Densho Digital Archive
Densho Visual History Collection
Title: Akio Hoshino Interview
Narrator: Akio Hoshino
Interviewer: Stephen Fugita
Location: Seattle, Washington
Date: July 11, 1997
Densho ID: denshovh-hakio-01-0004

<Begin Segment 4>

SF: In those days, did you belong to any kind of mainstream groups that were involved in patriotic things or civil, civil service kinds of things? Like, you mentioned something like homeguard?

AH: Oh, yes. When the war started I enrolled in, I think it was called homeguard in those days. It was a kind of a quasi-military type training and preparation for anything that should happen. And stayed a few overnights at the armory and trained in military steps and things like that, until one day the commanding officer called me into the office and said, "I want you to resign." And I said, "Why?" And he said, "No reason, just want you to resign. If you won't then you'll be just taken out of the ranks." And deep down in my heart I knew the reason: being a Japanese. And I don't think there was any other Japanese in the group that I was in. So I just quit and went home.
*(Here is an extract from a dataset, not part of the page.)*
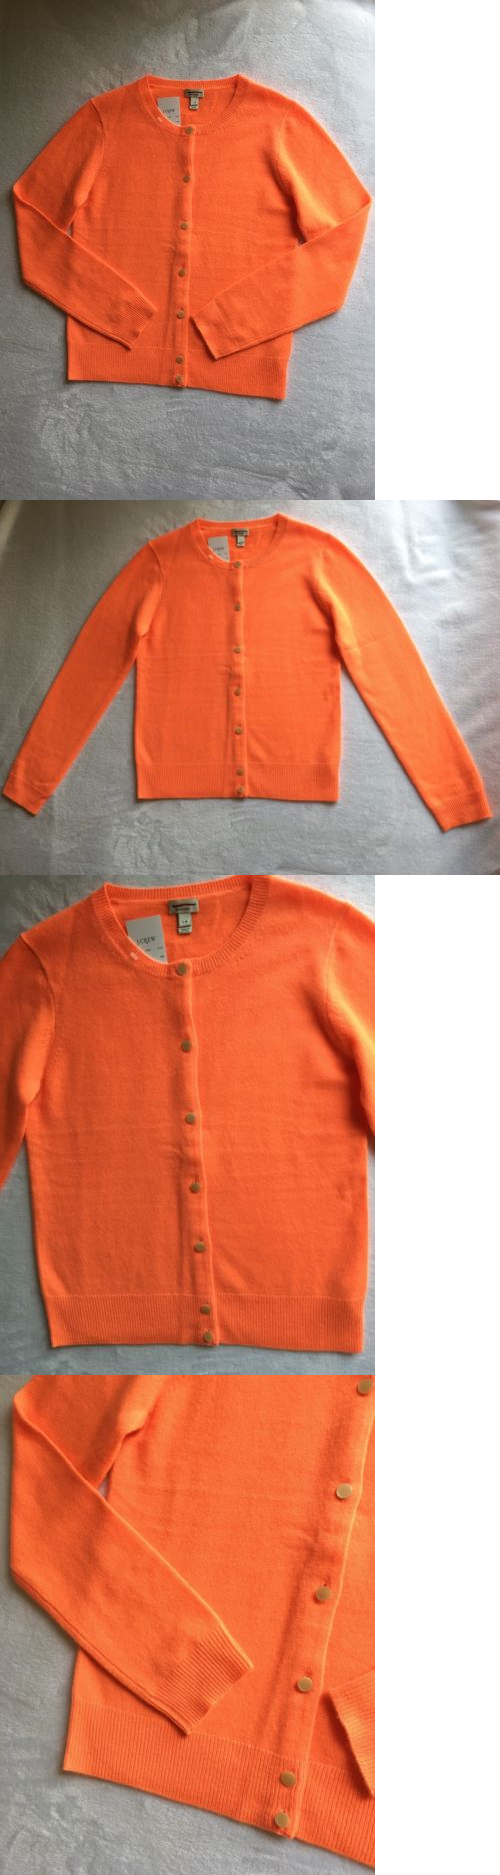 Sweaters 51582: Nwt Jcrew Crewcuts Girls Italian Cashmere Cardigan ...

SF: What year was this, or what time period was this?

AH: Uh... '41 to the beginning of '42, just at the war.

SF: Right after the war started. When you went home and you told your parents about what had happened, how did they react?

AH: Well, I think it hurt my mother more than it hurt me. I just felt, that you know, a third-class citizen, this kind of thing would happen. But for my mother, she was hoping that bringing us up here as American as possible, that we would be treated fairly and squarely. And to be, again, picked out because of our ethnic origin, she felt that we still didn't have our chance in this country. And you have to remember that they themselves were not allowed to become citizens at that time yet. And so, I guess their hope was that America would be my country to uphold.

[Interruption]

SF: Your father?

AH: You know, he never said very much. Never said very much. I guess like all Japanese males, we're quiet. He may have felt it, him being in this country since he was about eighteen or nineteen years old, he probably knew the status of our lives pretty well, also.

SF: Do you think that sort of, the Issei sort of, being really invested in the future of the Nisei children, was that real common, do you think, among the Isseis, that somehow, even though they were themselves discriminated against a lot?

AH: I think so. I think there was no choice. I mean, most of them, when they came to this country, came to gain a little wealth and money and go back to Japan, maybe show off a bit. But once they got married and started getting children, they were tied to their children. And some of them sent back their children to Japan to educate, get educated back there. And some families moved back to Japan, but the longer they stayed here the more attached they became to this country. And they accepted that position, but had hope that their children would gain a little better status. And so, I think that would be the feeling of most of the so-called Isseis, that never having planned to come and become this country's non-citizen citizen, it just became forced that way.